Sunday, June 12, 2011

Beginning

    I've tried to blog several times before but I've always quit after a couple months.  I would attempt to manufacture profound thoughts and spend hours crafting the perfect posts only to be completely exhausted by the time I was done.  After trying so hard I would always be tired of the whole process in a few short weeks.  Trying was always the death of my blogs.

    Now its time to take it up again.  This time I was able to work blogging into a syllabus for an assignment to give myself a little extra incentive.  Maybe if I have to write eventually it will develop as a natural rhythm of my life.  (That's at least my hope anyway.)  This time I also plan to try much less. 
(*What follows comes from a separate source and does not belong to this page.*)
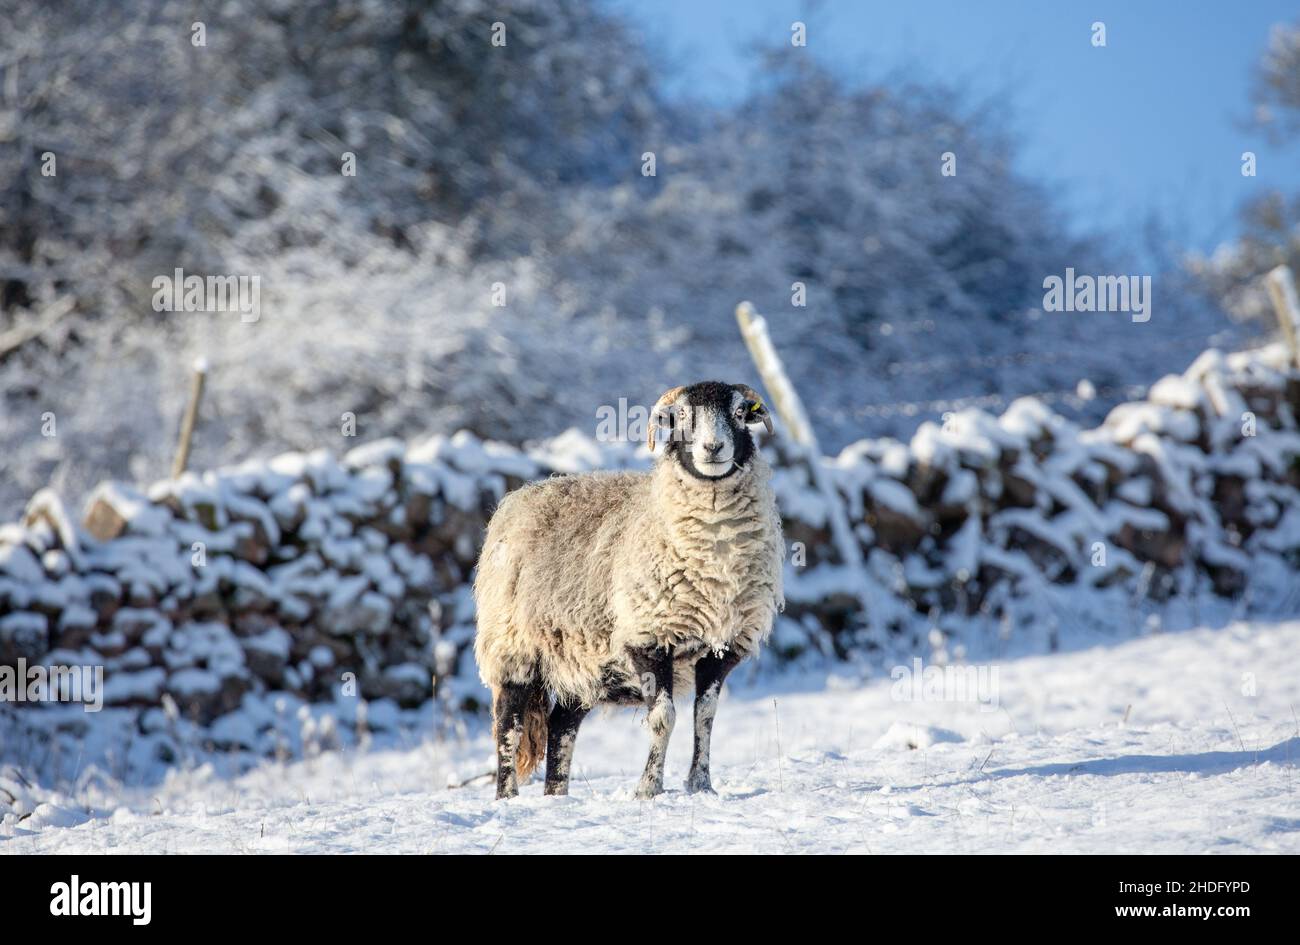 Ein feines Swaledale Mutterschafe im tiefsten Winter mit schneebedeckten Bäumen, Mauerbau und Feld. Swaledale Schafe sind eine robuste Rasse aus North Yorkshire. Stockfoto

    As we were driving to church this morning I was thinking about a book I'm reading right now called Introverts in the Church.  So far I have absolutely loved the book, not because it is the most profound book I've ever read, but because I have intimately connected with it.  It's almost as if he is writing my own thoughts for me, telling my story.  I started to think about other books in the past couple of years that I've loved like Evolving in Monkey Town and Questions to all Your Answers.  I loved both of those books, again, not because they were necessarily saying something groundbreaking but because I could relate to them.  They  gave me great encouragement, showing me that I am not alone in this journey.  There are other people just like me struggling to follow Jesus as best they can.  They struggle with doubts and cliches, with personality issues and questions.  Yet they keep going and they keep sharing their journey.

    This lead me to reflect upon my own writing.  Maybe I don't have to say something profound all the time.  Maybe I should just let my thoughts flow.  Maybe I should put my story out there so perhaps someone can recognize it as their own and be encouraged just like I was with Introverts, Evolving, and Questions.  Even when I don't have the best point to make, my thoughts could be exactly what someone else needs to make it through the day.  With that in mind, I begin.